A alegria é uma força, a maior diz Rosset (2000). Mas como vivê-la além de todos esses mecanismos opressores? Vimos mais acima que somos respondentes, ativos. Eis um lugar de princípio. Assumir essa nossa condição humana de falantes no exato sentido daquele que reage, responde a todo o universo da linguagem (responder a todos os discursos, enunciados, ideias, padrões). Responder ativamente, sabendo que em cada um de nós as palavras/ideias serão novas e que para cada outro de nós as mesmas palavras/ideias serão também novas conforme os sentidos que surgem entre dois ou mais falantes. Esses sentidos que surgem são incontroláveis, inalienáveis, dai sua força. A ambivalência da própria condição humana é a chave para a alegria livre das maliciosas “alegrias” que trabalham para a lógica capitalista fundada, em nossos dias, em relações superficiais/líquidas.

A experiência da alegria real é também uma experiência fugidia, mas não superficial. E essa experiência é paradoxal porque a alegria ultrapassa o eu, “escapa à causa” (ROSSET, 2000, p.15) e alcança sempre mais – outras pessoas, outras relações – fomentando novas relações, buscas e experiências. Aqui há uma diferença crucial entre a ambivalência da condição humana em que o prazer, por exemplo, sua força reside não em sua eternidade, mas em seu ultrpassamento. Lembro-me de Alves (Livro sem fim, 2002) quando diz sobre a cozinheira que está cozinha não para matar a fome, mas para causar mais fome... Diferentemente é a busca desenfreada promovida pelo consumismo que oferece uma “alegria” associada a uma consumo material ou imaterial cujo fim é a competição e ilusão de ser mais humano, melhor que o outro. Ou seja, produz mais e mais o individualismo e gera realmente o tédio e não a alegria. Toda a energia vital da pessoa fica dirigida ao promover-se, ao aparecer e não ao a plenitude experienciar em si da alegria e sua existência paradoxal – pois é em si e, por se realmente em si, vai além, para além do em si. É uma gratuidade. Um transbordar.

A alegria, sua força única pode até começar no eu, num nível mais particular, mas sua realização se dá no nível cósmico. Sua existência depende sim de sua aparente fragilidade, ela termina e recomeça. Freud (O mal estar na civilização, 1930) dizia que seria insuportável se todos os dias fossem felizes.

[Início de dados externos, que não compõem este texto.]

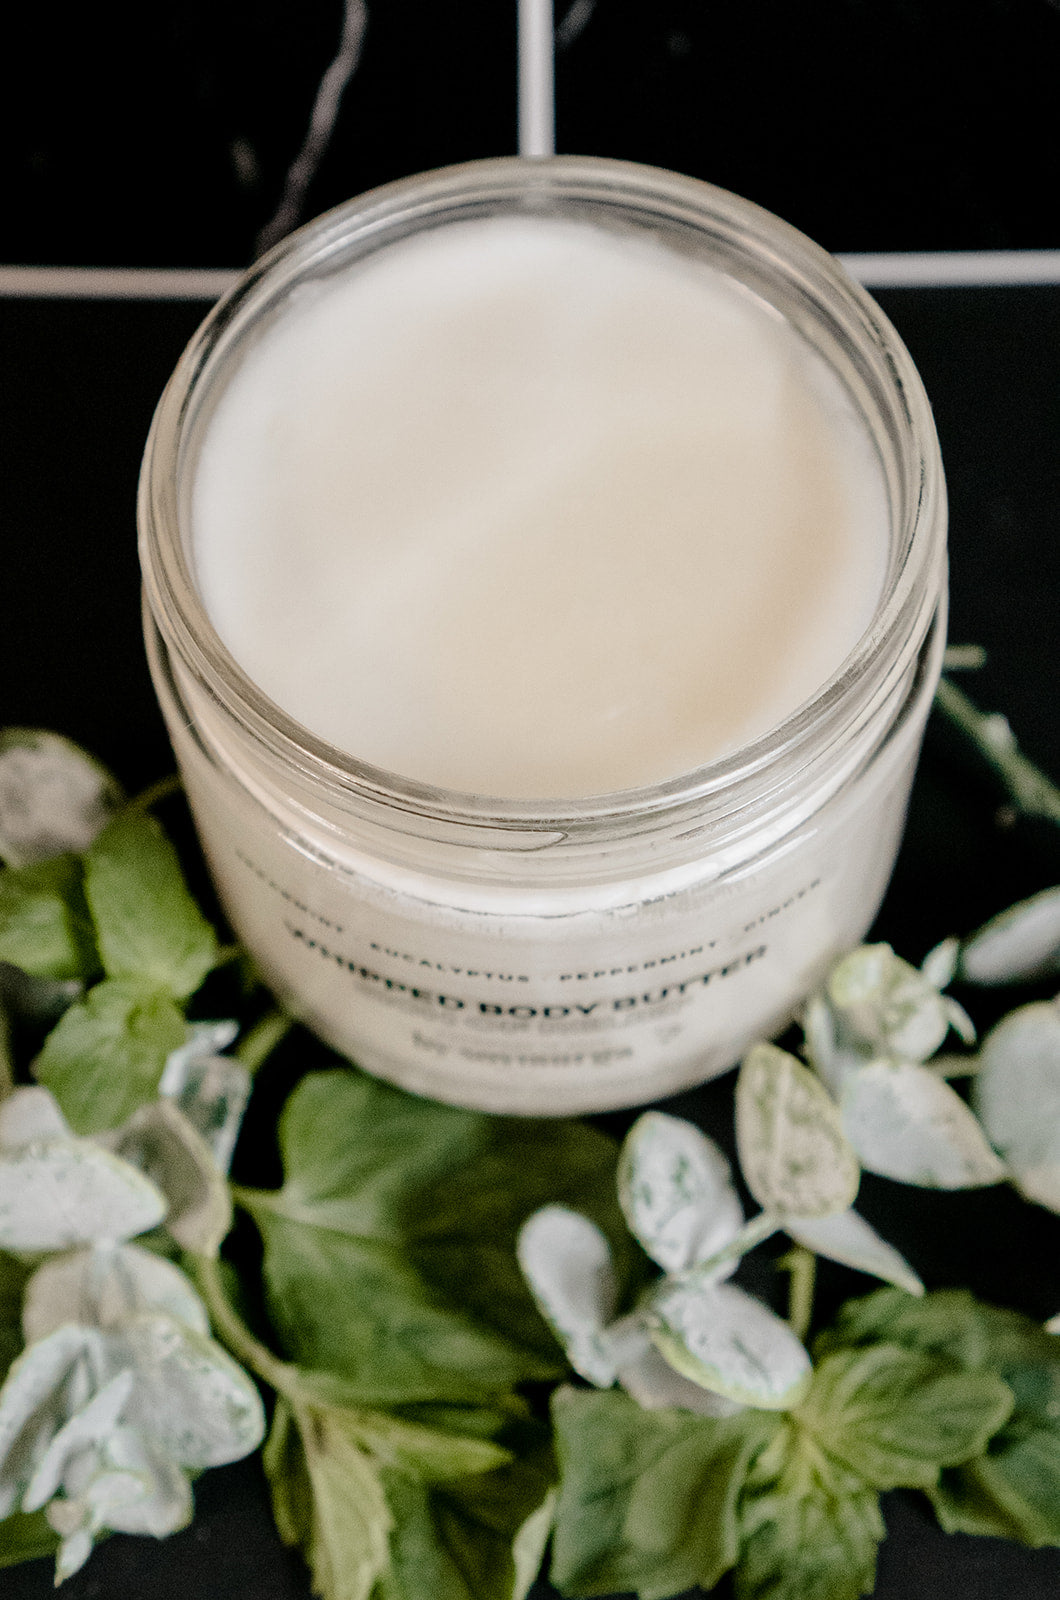 Sigh of Relief - Whipped Body Butter

Em outras palavras, é necessário o jogo entre as forças, essa luta entre a falta e a busca, o encontro e a distância. Somente assim podemos vivenciar a alegria real, isto é, sua materialidade, sua concretude possíveis por essa situação paradoxal que a gera: a falta, a plenitude e novamente a falta, e a plenitude...


Dicas de leituras:

BOFF, L. A águia e a galinha – uma metáfora da condição humana. Rio de Janeiro: Vozes, 1998.

HUXLEY, A. Admirável mundo novo. Porto Alegre: Globo, 1982.